• Work instruction:
For this exercise, retype the lines from the one that holds "Christmas Penguin Xmas" through the one that holds "A stunning mid-century" in the records below, both included, exactly and without pictures.

• Data records:
╭──

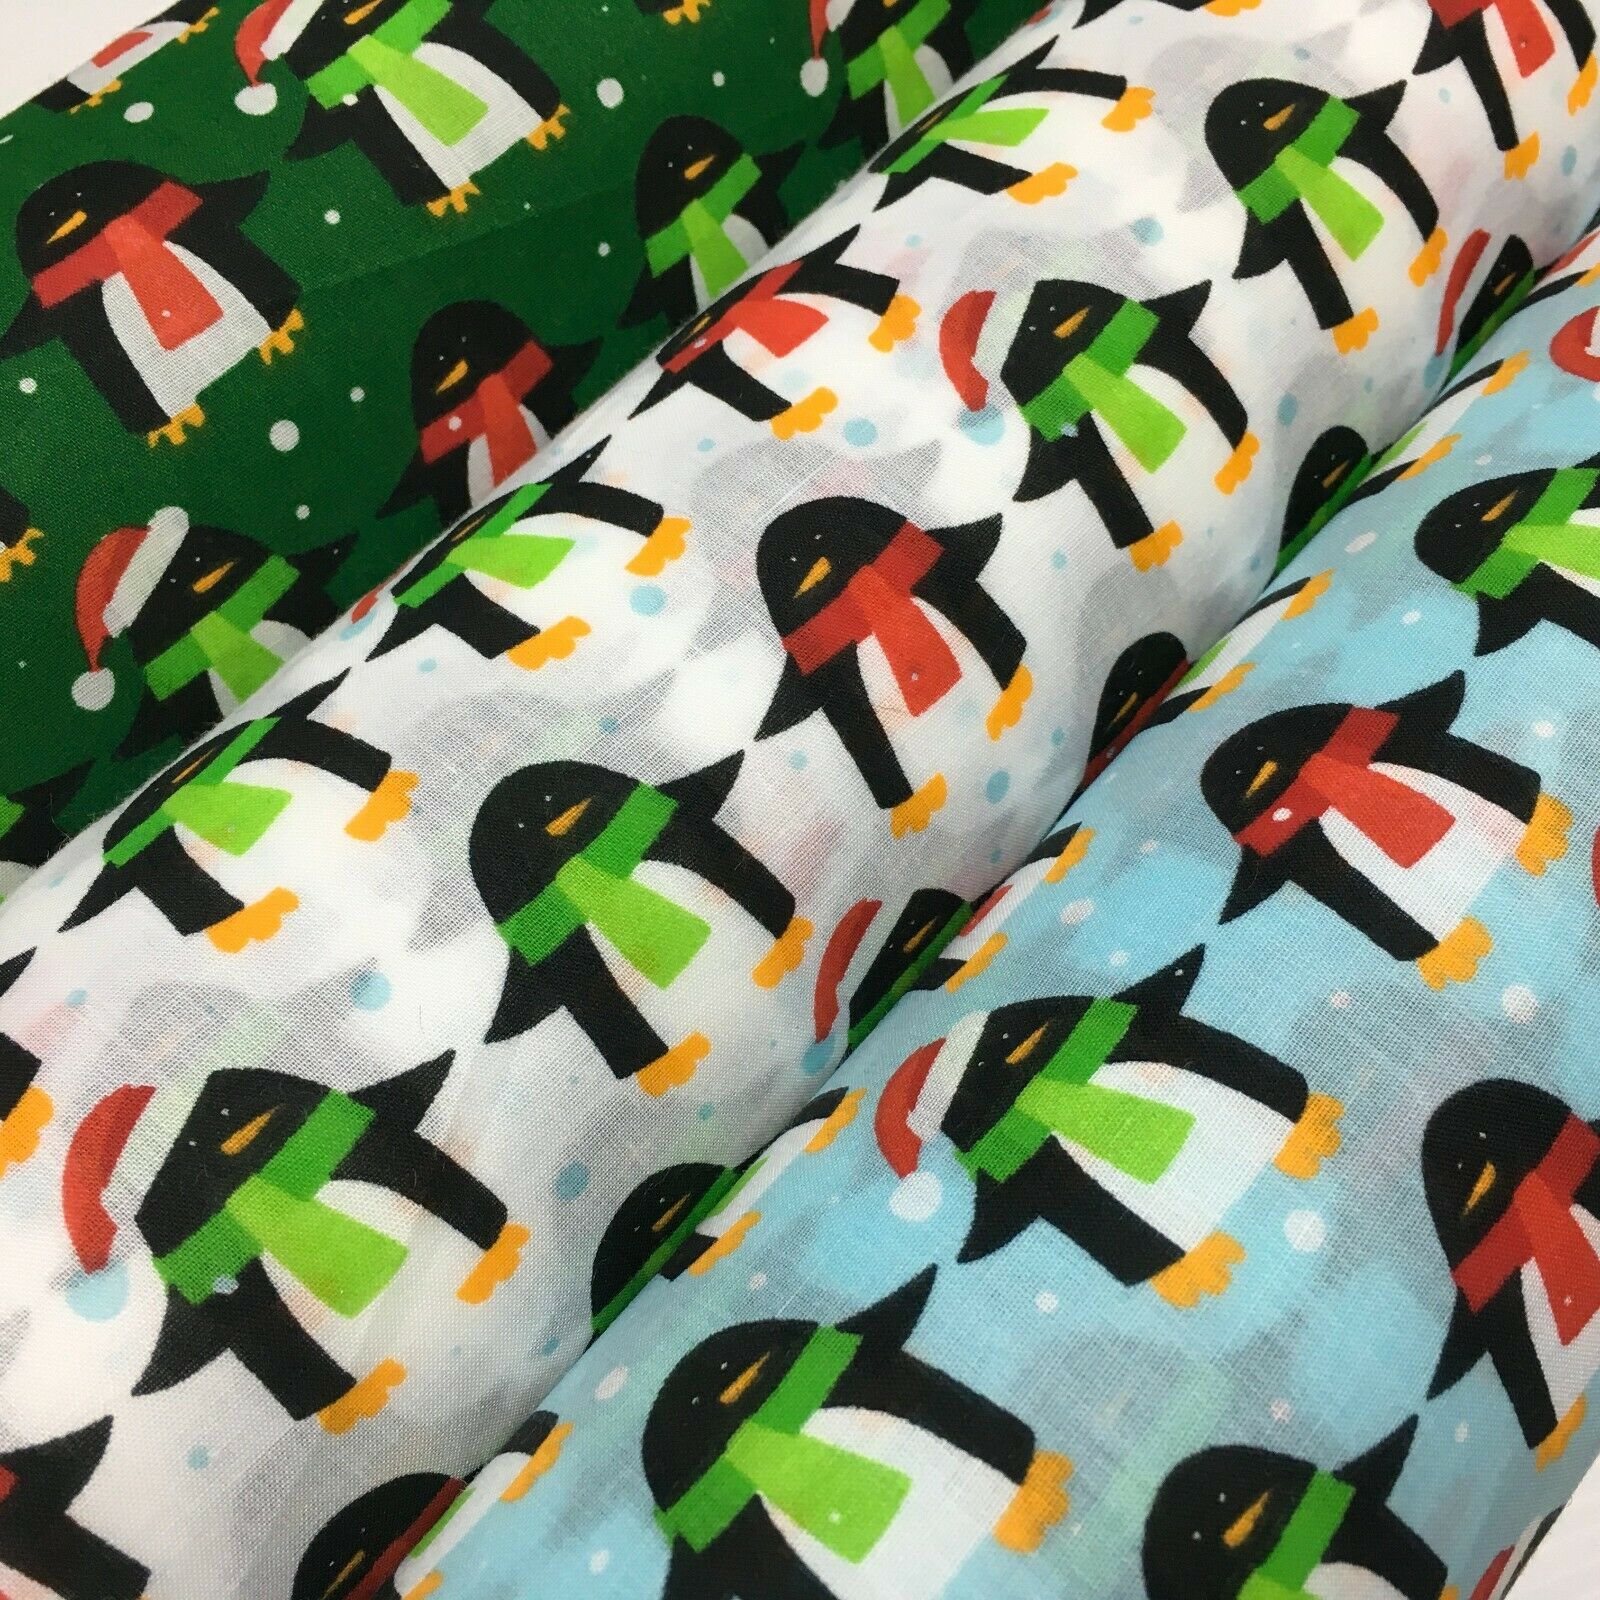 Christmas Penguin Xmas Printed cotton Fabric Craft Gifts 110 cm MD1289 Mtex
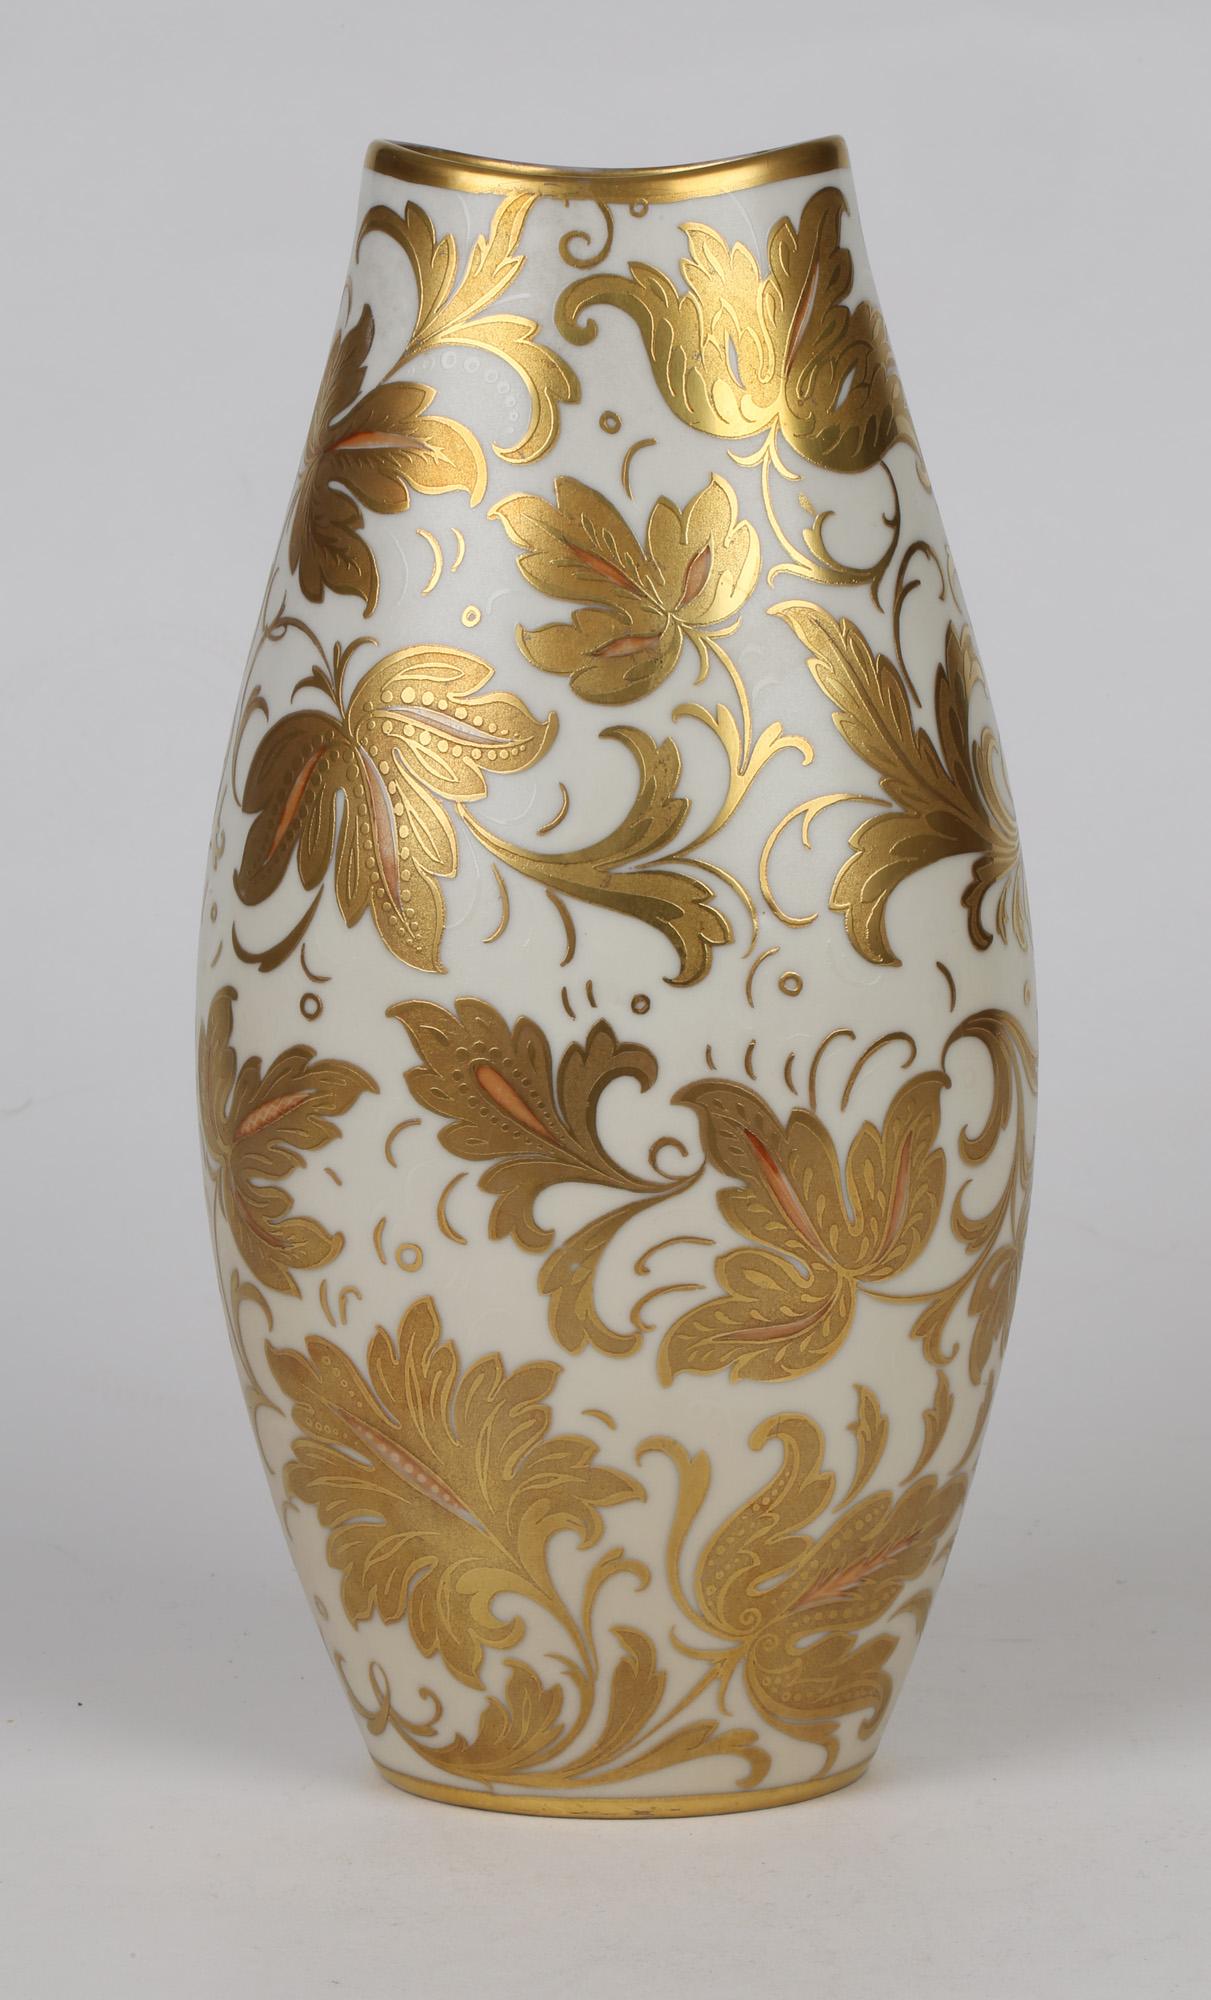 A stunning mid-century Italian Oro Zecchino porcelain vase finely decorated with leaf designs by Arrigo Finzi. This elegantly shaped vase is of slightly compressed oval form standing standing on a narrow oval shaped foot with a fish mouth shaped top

╰──
╭──

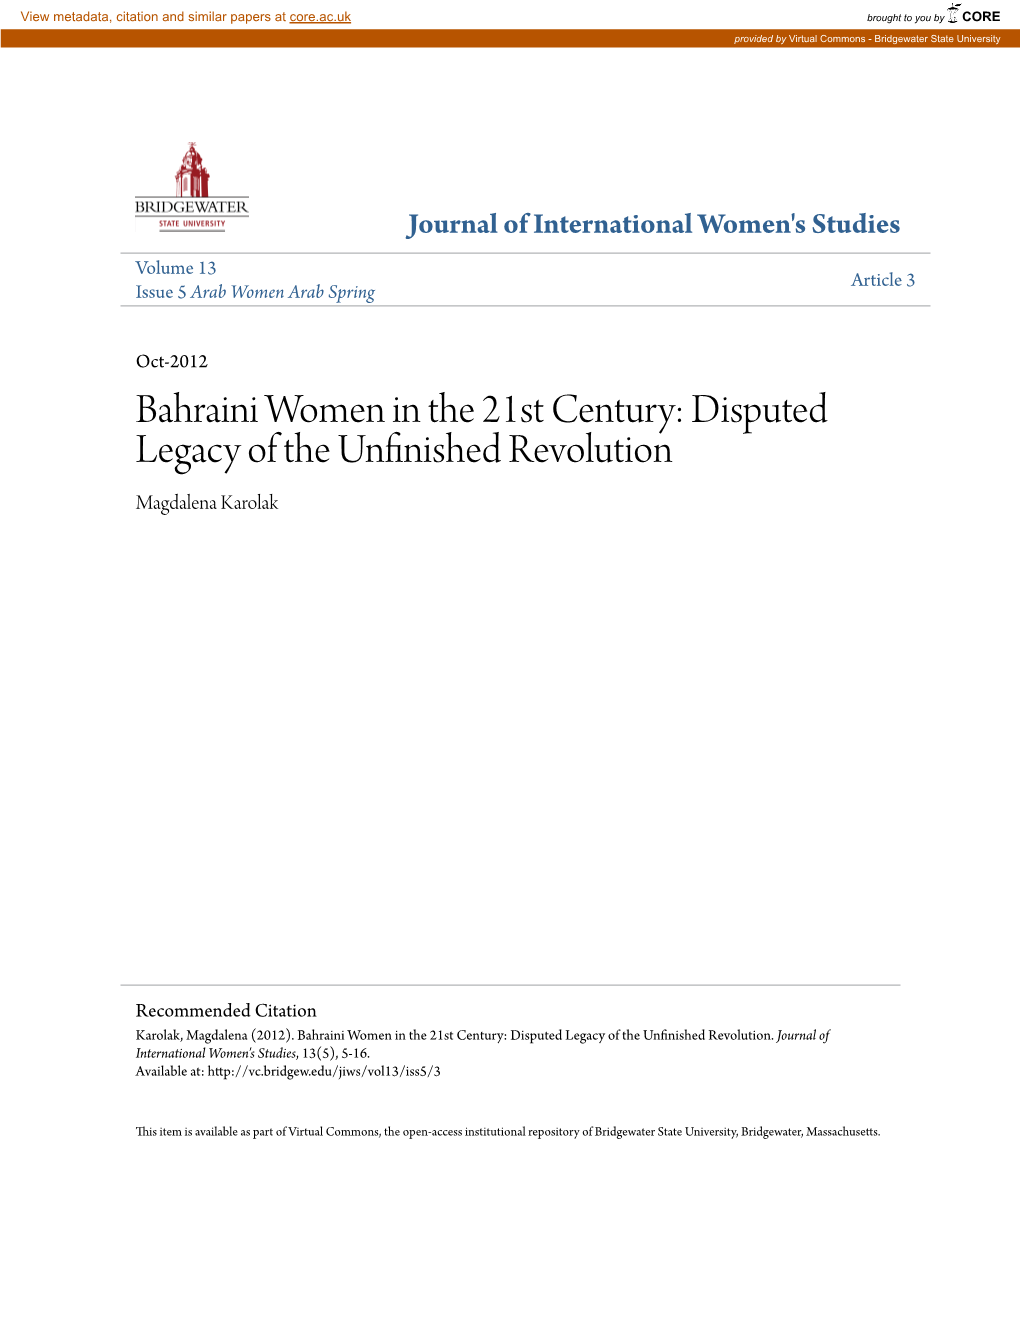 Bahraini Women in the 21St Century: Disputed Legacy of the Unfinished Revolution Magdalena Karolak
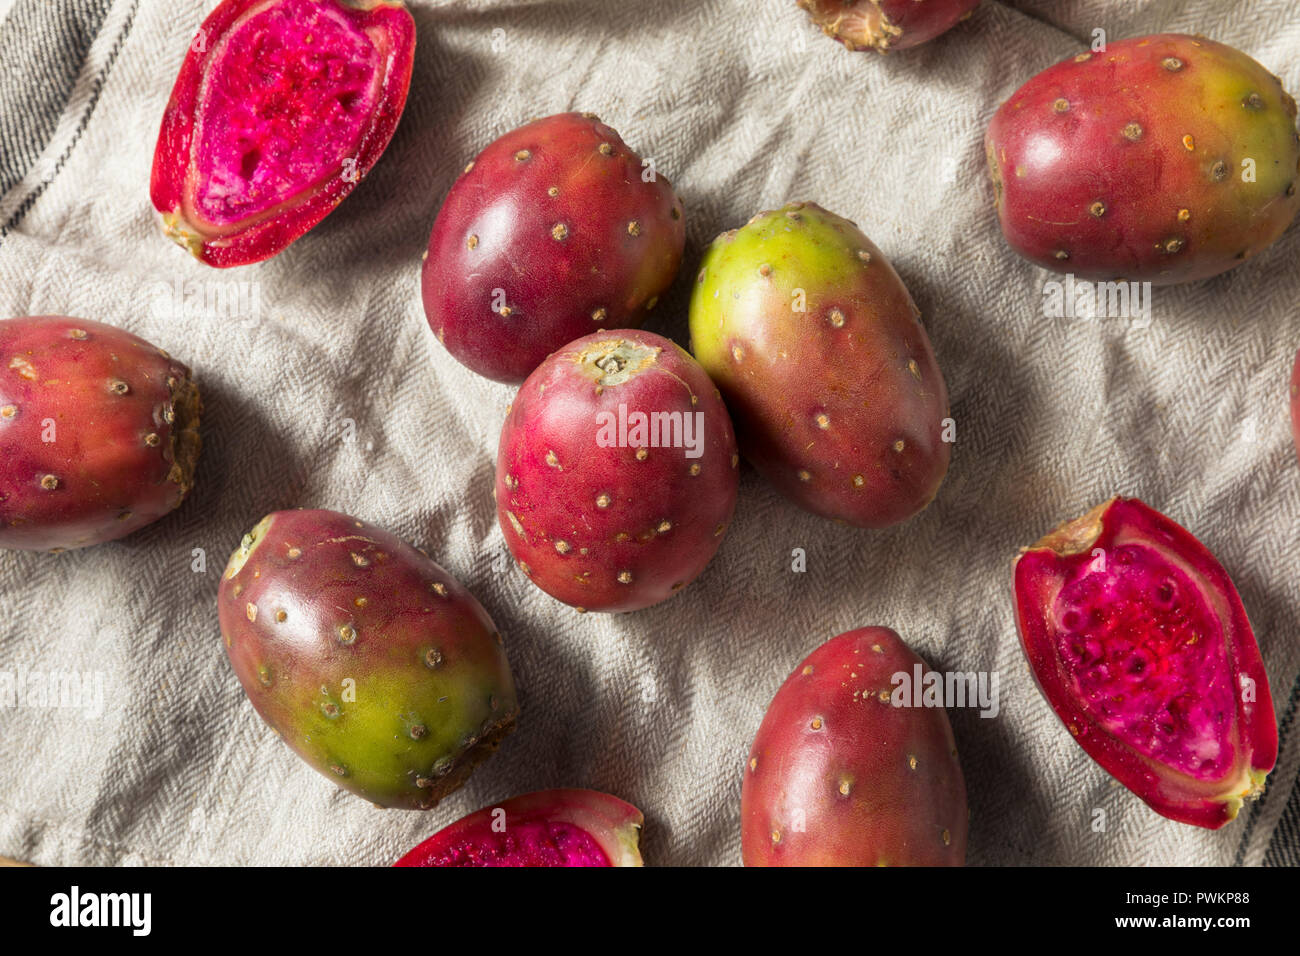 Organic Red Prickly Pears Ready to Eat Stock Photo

╰──
╭──

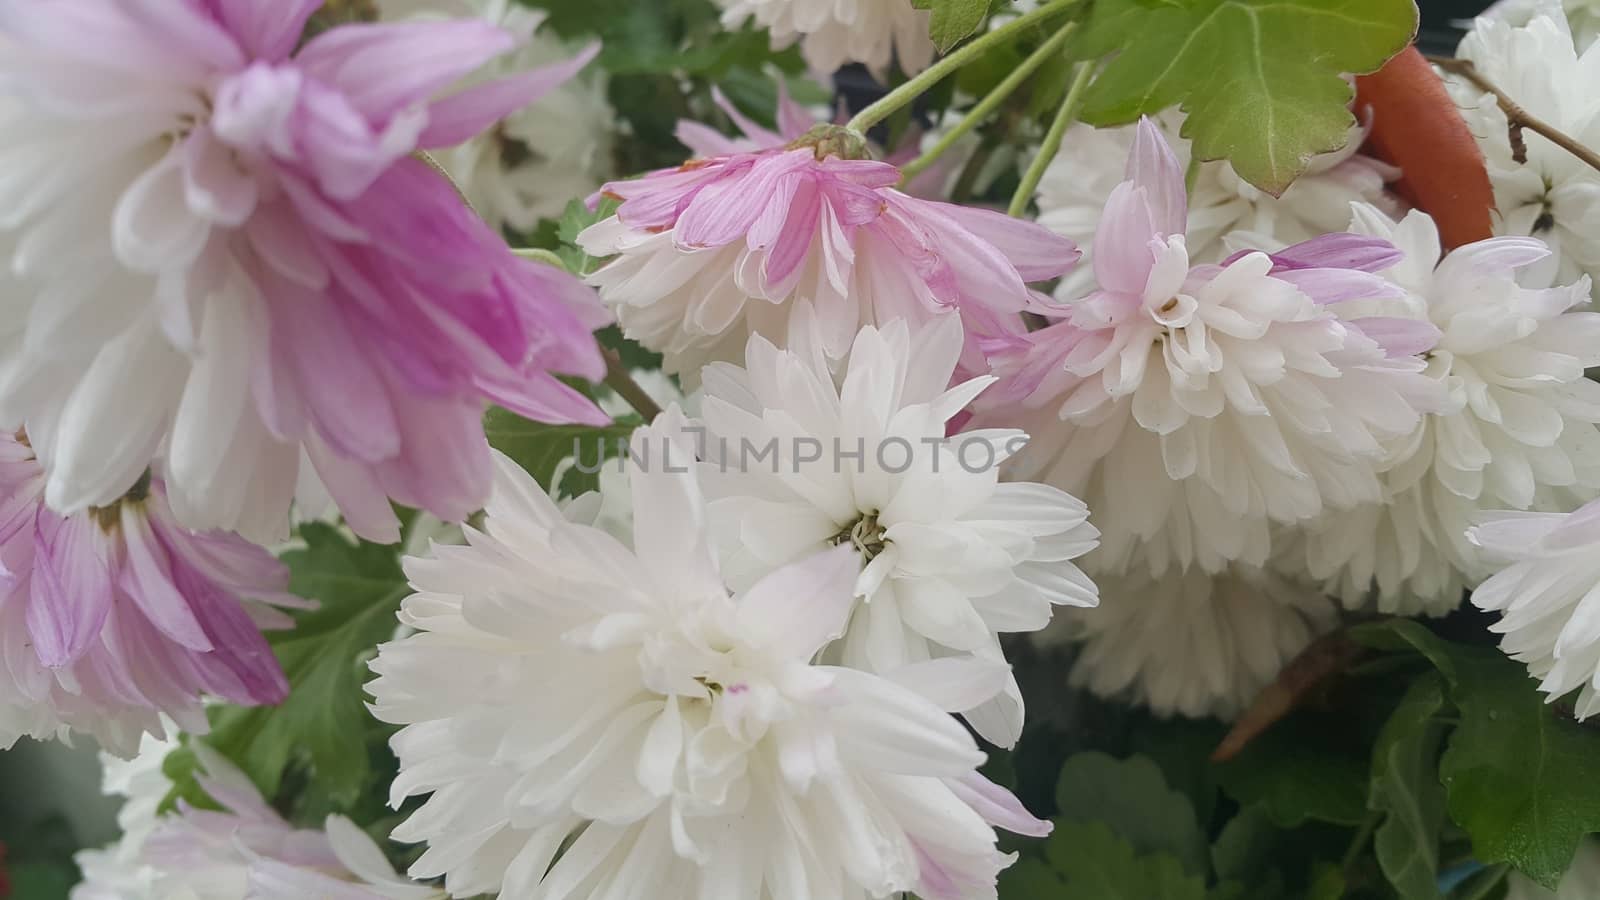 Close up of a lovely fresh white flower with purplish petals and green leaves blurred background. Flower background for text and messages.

╰──

• Reply to the task:
 Christmas Penguin Xmas Printed cotton Fabric Craft Gifts 110 cm MD1289 Mtex
 A stunning mid-century Italian Oro Zecchino porcelain vase finely decorated with leaf designs by Arrigo Finzi. This elegantly shaped vase is of slightly compressed oval form standing standing on a narrow oval shaped foot with a fish mouth shaped top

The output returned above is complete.